## Data excerpts
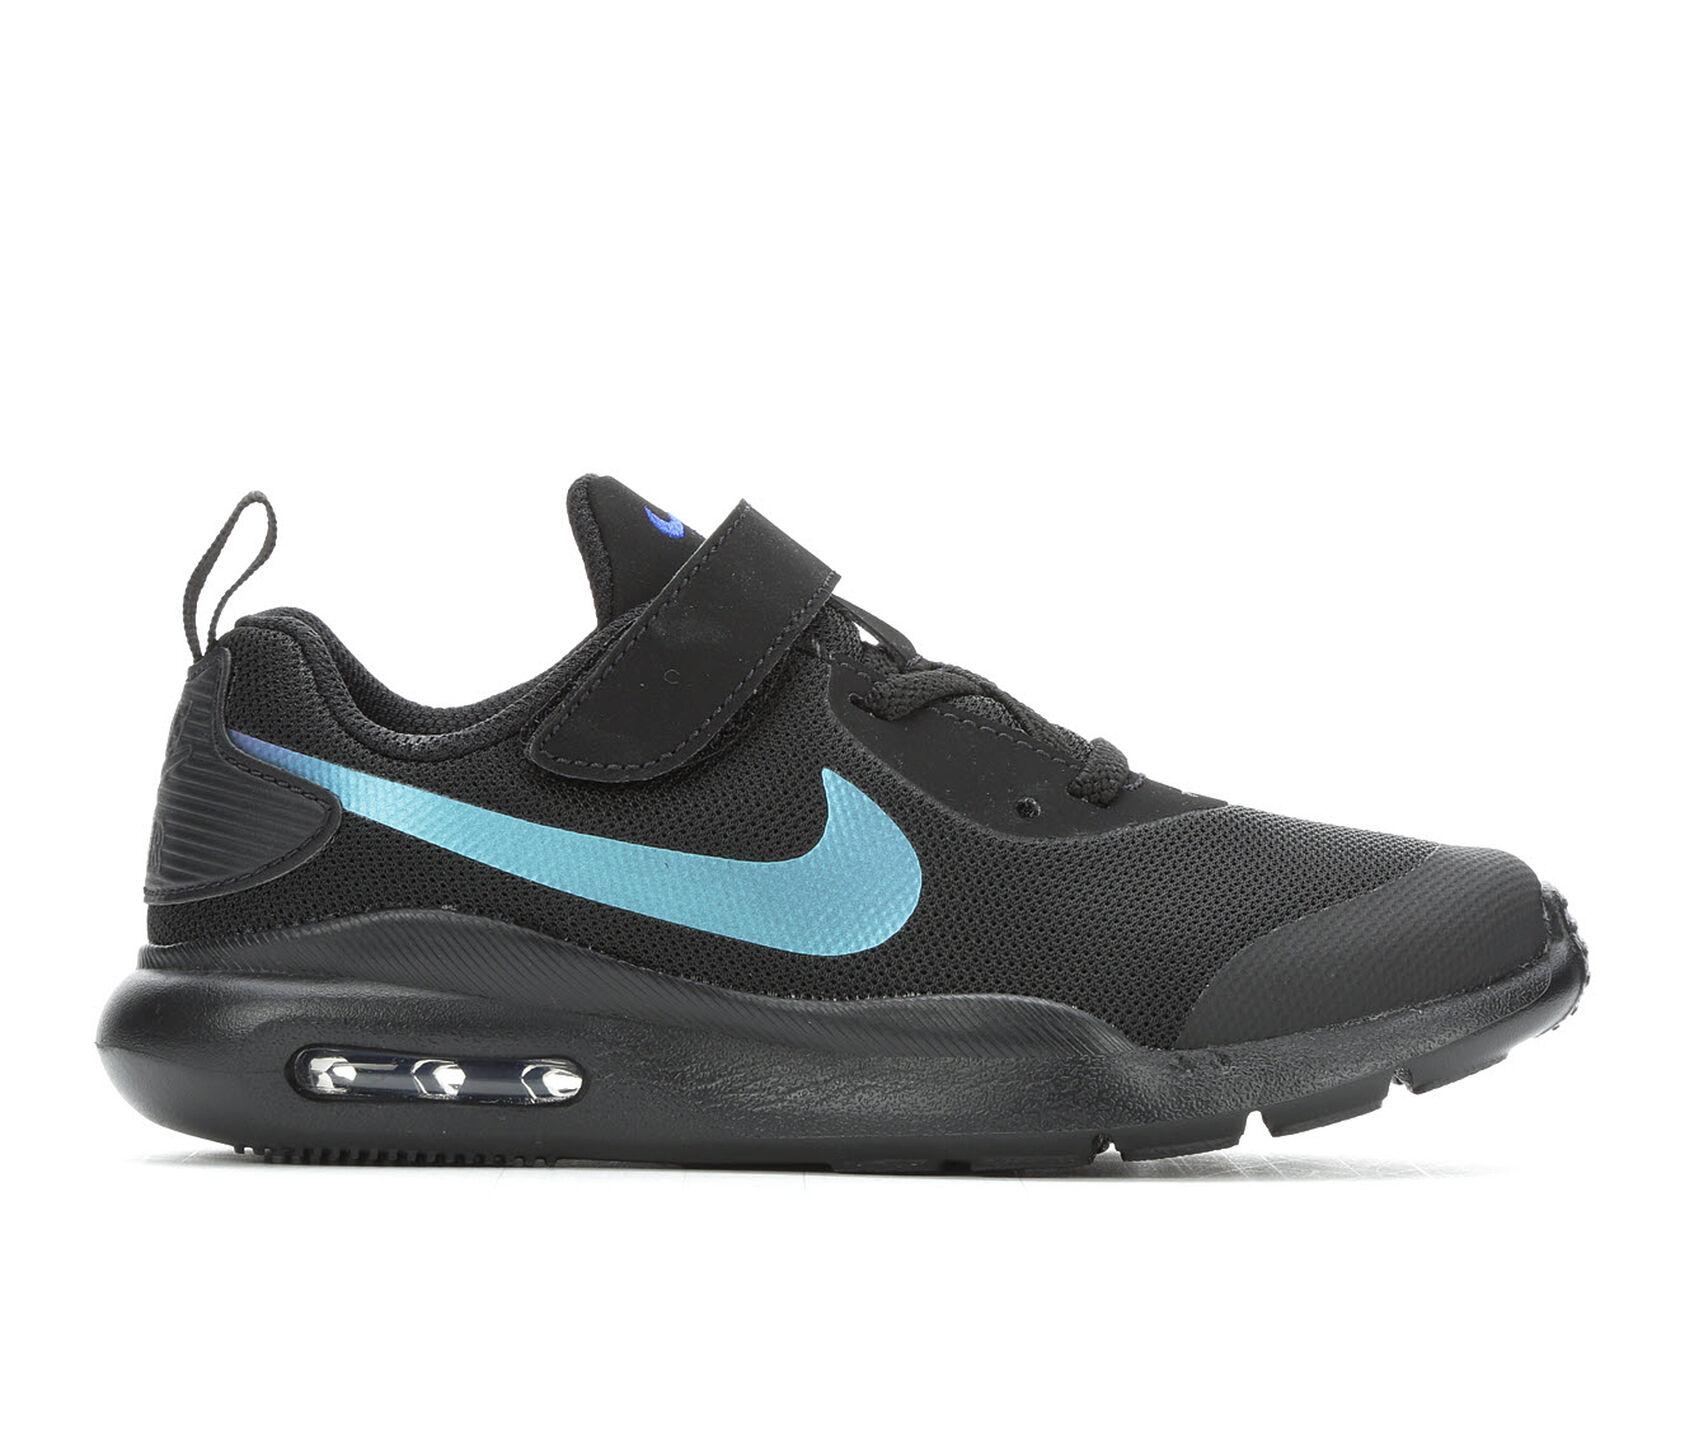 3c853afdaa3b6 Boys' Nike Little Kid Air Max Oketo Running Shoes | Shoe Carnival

==

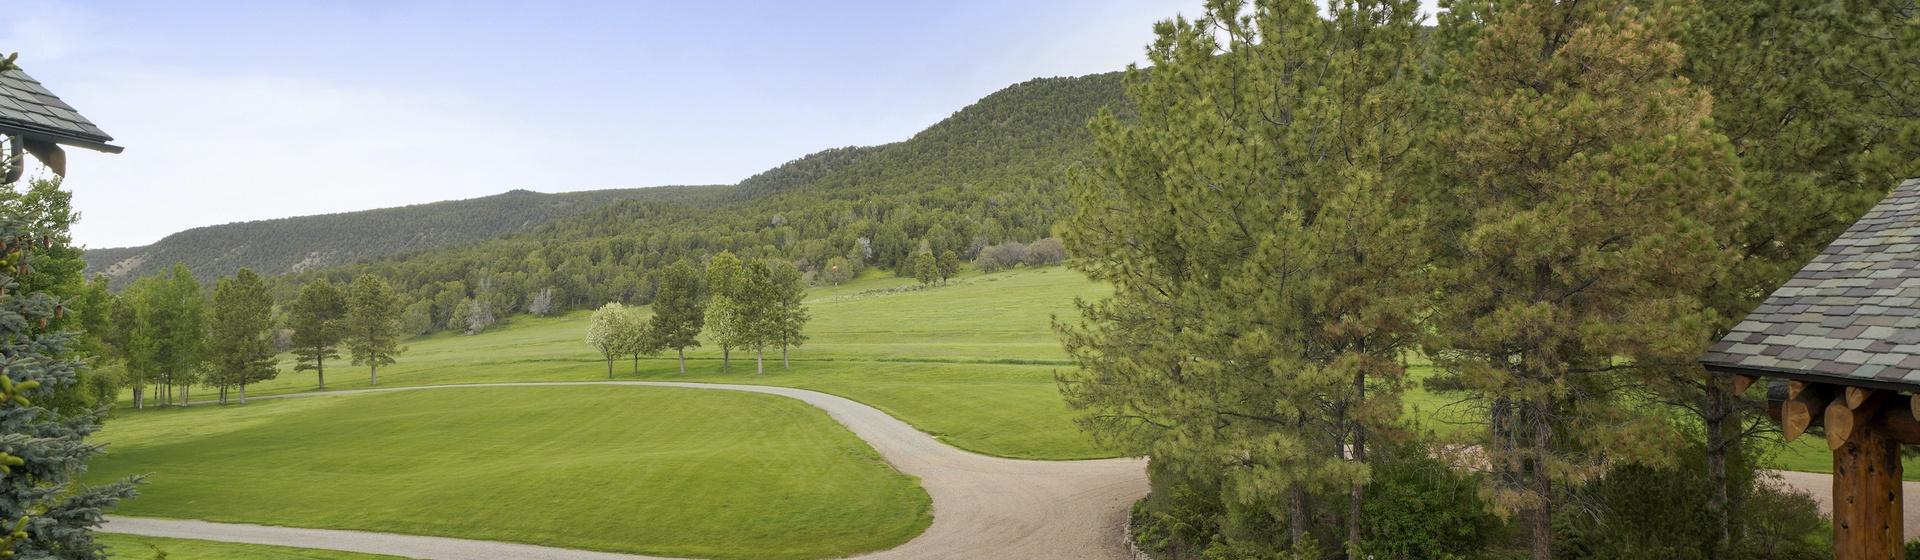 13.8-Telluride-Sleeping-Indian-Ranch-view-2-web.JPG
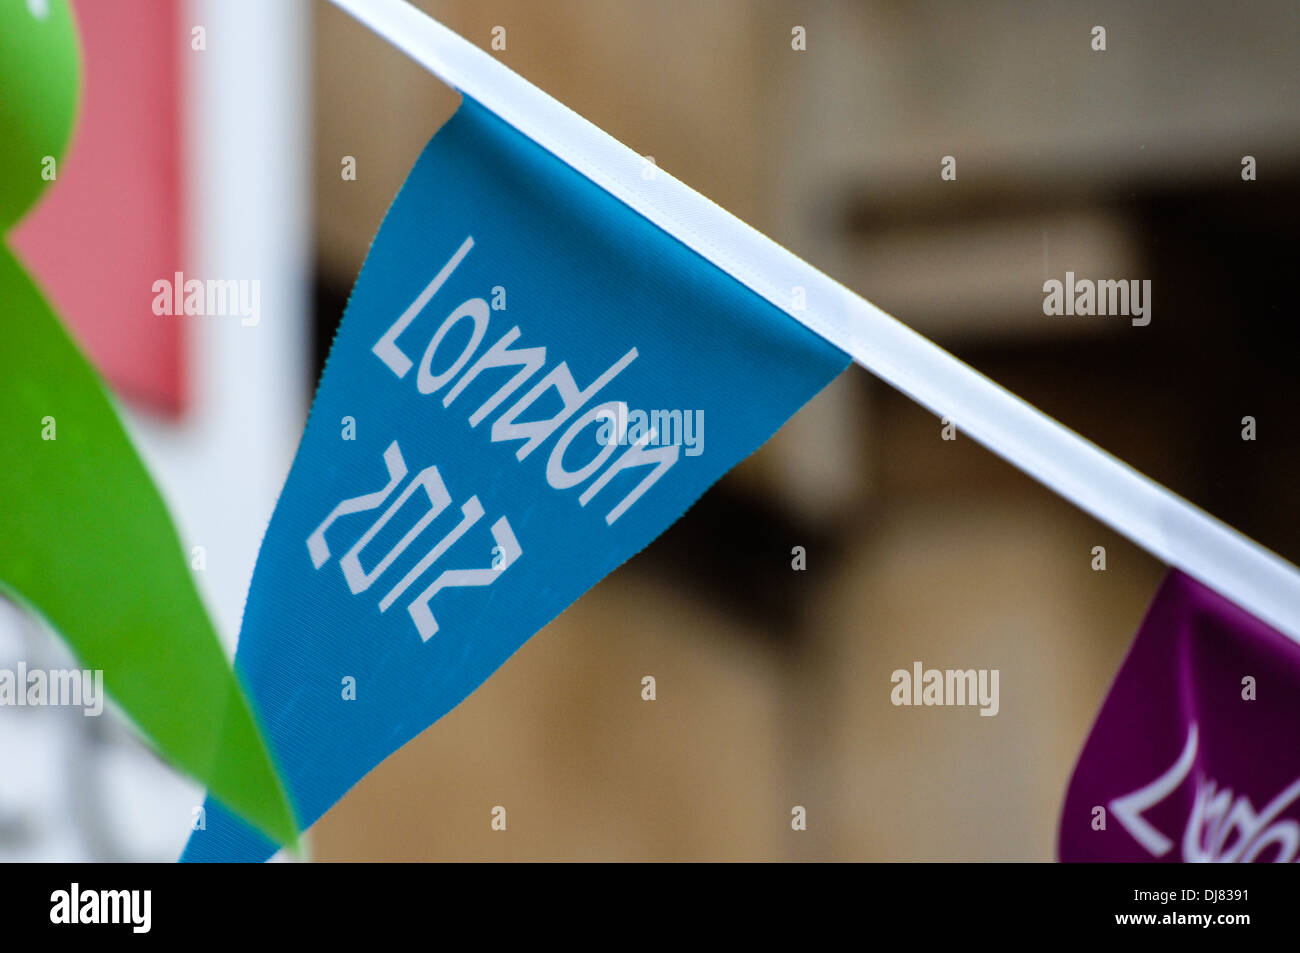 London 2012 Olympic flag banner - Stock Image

## Work request
Above are some records. Output exactly the lines from the one that contains "13.8-Telluride-Sleeping-Indian-Ranch-view-2-web.JPG" to the one that contains "London 2012 Olympic", keeping both, and omit the pictures.

## Exercise output
 13.8-Telluride-Sleeping-Indian-Ranch-view-2-web.JPG
 London 2012 Olympic flag banner - Stock Image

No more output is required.